Tony Bedikian, Head of Global Markets, Citizens Bank

Consequently, banks and other financial institutions offer these internationally-engaged businesses hedging products to help mitigate the risks of being on the wrong side of Volatility .

Finance Magnates caught up with Tony Bedikian, Head of Global Markets at Citizens Bank, to better understand how the tumultuous events of summer have been affecting business.

Globalised Finance

Indeed, summer 2015 has seen an unprecedented level of volatility in global forex markets, at a time when traders and money managers have traditionally been at the beach.

Specifically, Mr. Bedikian pointed to the centrality of China in recent weeks, from which emanated a number of highly correlated events, including the devaluation of the renminbi, the stock market crash and a slowing economy that continues to impact global commodity markets and currencies. The combined result: “When China coughs, the rest of the world catches a cold.”

As Mr. Bedikian explains: “At the moment, the market is driven by China. The China story is interesting. Everything – currencies, equities, Chinese growth and commodities – has been extremely correlated.

Clearly they’ve been in a boom for the last 10-plus years. They have probably gotten into a bubble mode and now they’re in pullback territory … They are now clearly trying to spark growth, devaluing their currency to help exports."

China is clearly involved in stimulus mode at the moment, and it takes time obviously to take effect.

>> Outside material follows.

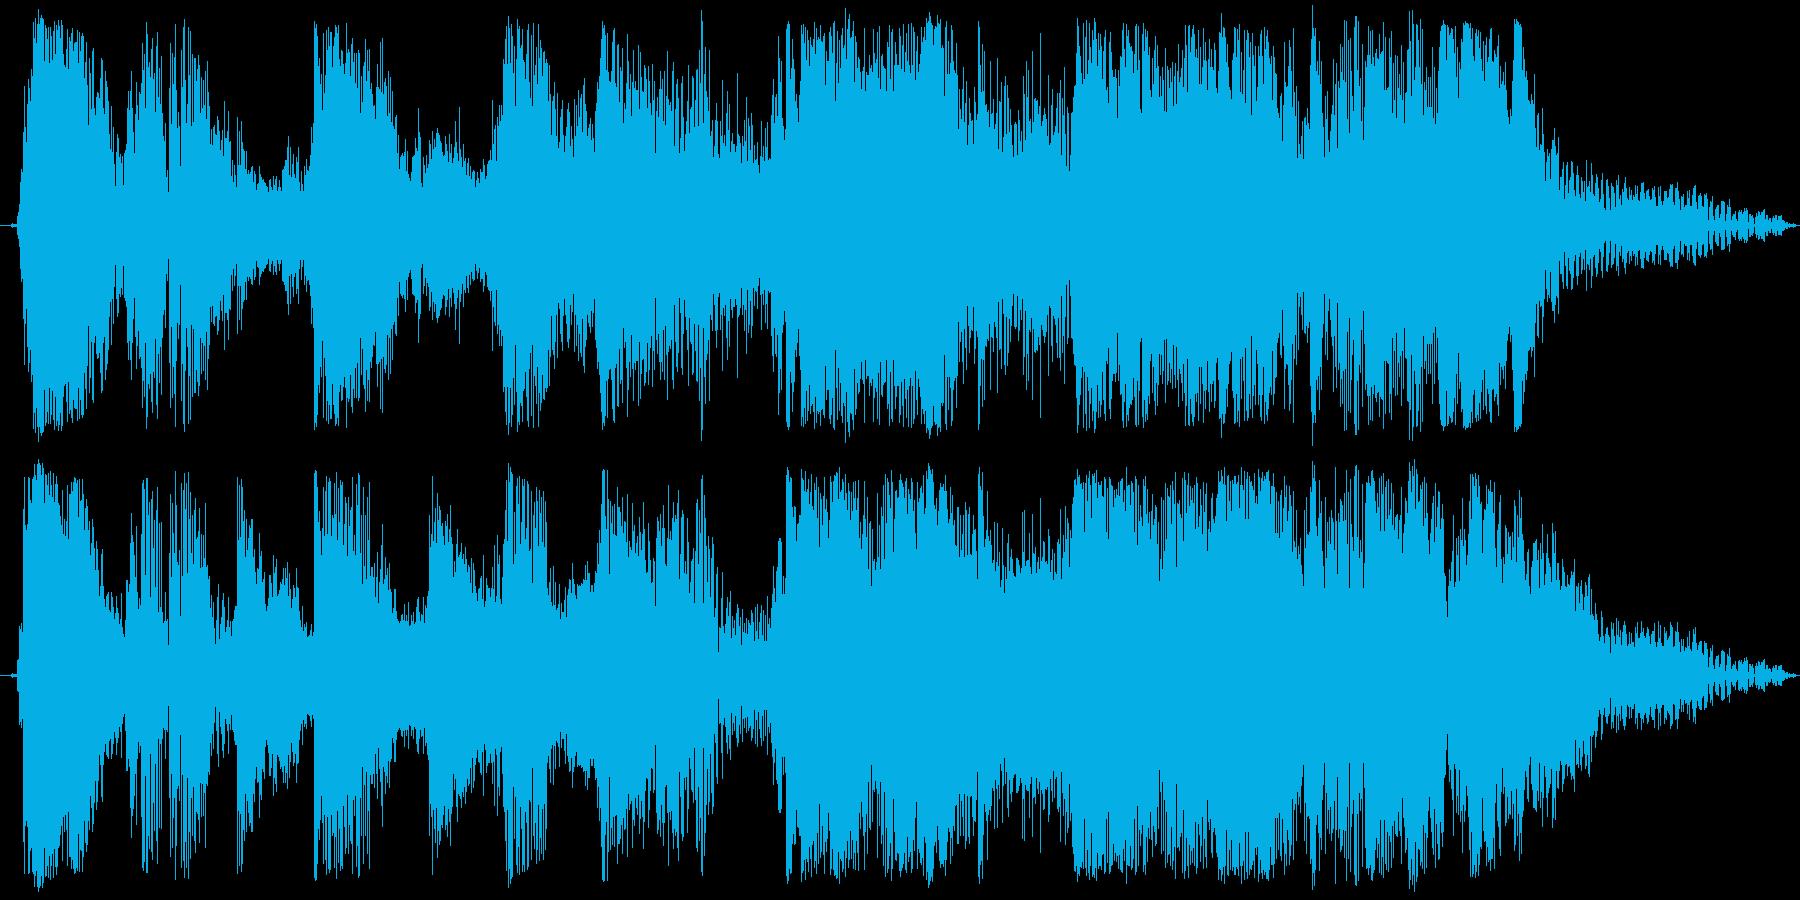 ブラス&ギターのファンク系ジングルの再生済みの波形

Putting it in perspective, Mr. Bedikian elaborates: “We have seen booms and busts in the U.S. and other countries many times over the last several decades. And stimulus is often needed by central banks and governments. China is clearly involved in stimulus mode at the moment, and it takes time obviously to take effect.”

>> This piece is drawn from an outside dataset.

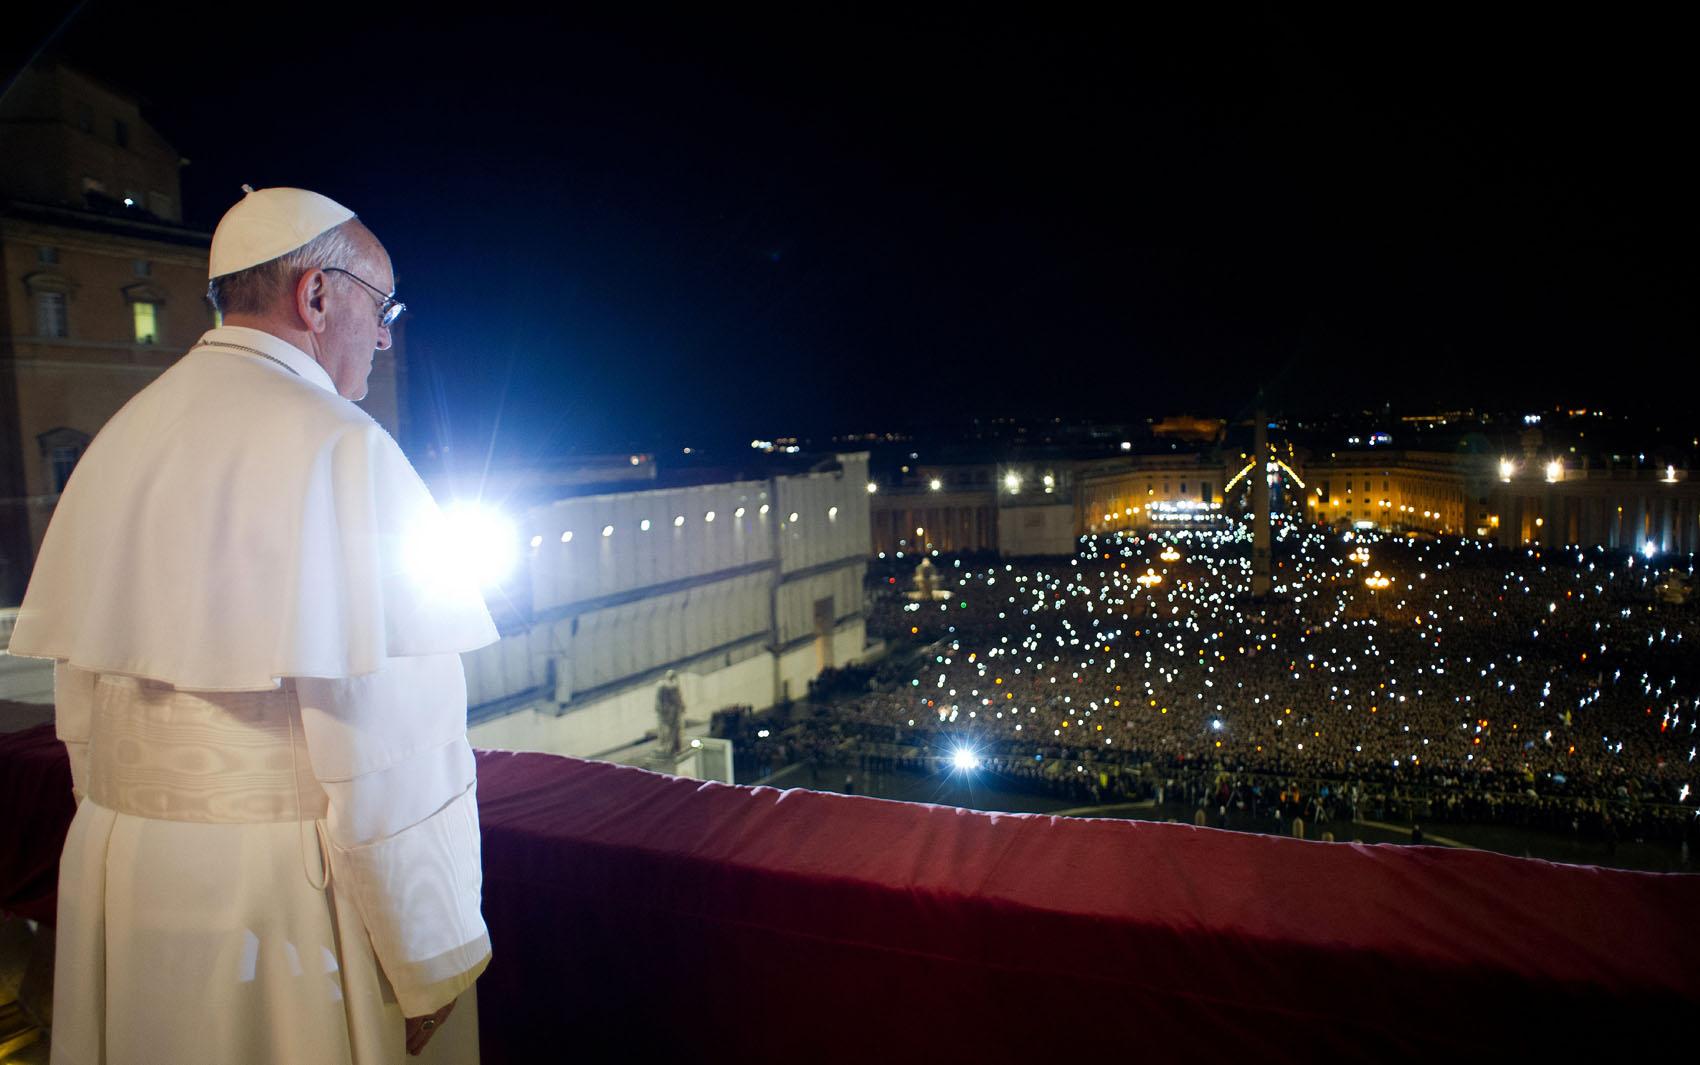 A primeira aparição do Papa Francisco na sacada do Vaticano

Other than China itself, the hardest hit markets will be those directly linked to it in investment portfolios, such as emerging markets, commodity exporters and Asian economies. European equity markets are also facing corrections and the U.S Fed is less likely to hike rates as it was inclined to only recently.

Consequently, corporate treasury departments have had to battle with plummeting emerging markets currencies (EM) and lower yields on U.S. securities.

Hedging Exposure

In such an uncertain environment, banks like Citizens have a role to play to help their corporate clients mitigate the interest rate and currency risk that they have in their businesses.

To do so, Citizens offers interest rate products, such as interest rate swaps and options, and FX products, such as swaps and forwards, which they execute and match on the market.

As EM currencies plummet, with the Mexican peso, for example, at an all-time low, a lot of clients have been expressing interest in trading some of these currencies.

We have clients that have exposure to EM currencies, and many of these currencies have pulled back to all-time lows.

Mr. Bedikian explains: “We have clients that have exposure to EM currencies, and many of these currencies have pulled back to all-time lows, or near 2008-crisis lows. So we have a lot of clients expressing an interest to hedge their exposure to some of these foreign currencies where they have payroll expenses to pay.”

“We try and provide a perspective to clients and say look, if you’ve got exposure to say the Mexican peso rising, then this may be a good time to take some risk off the table if you have not done so already,” he added.

Given that no one can accurately predict the movement of the market, “taking risk off the table” is an ongoing endeavour, particularly with the heightened volatility of late. “If China does hit a turning point and things do improve, then it’s also likely commodities will improve and EM markets will also improve – the markets can turn on a dime.”

Corporate clients will be increasingly seeking ways in which to reduce risk and plan for the future.

Given the uncertainty of global markets combined with the trauma of recent events such as the SNB-inspired Black Thursday, and an increased regulatory effort to make OTC (over-the-counter) markets more fair and transparent, corporate clients will be increasingly seeking ways in which to reduce risk and plan for the future.

Moreover, as investment banks scale down their in-house trading portfolios and retail markets become increasingly competitive, banks catering to corporate clients will likely see continued demand.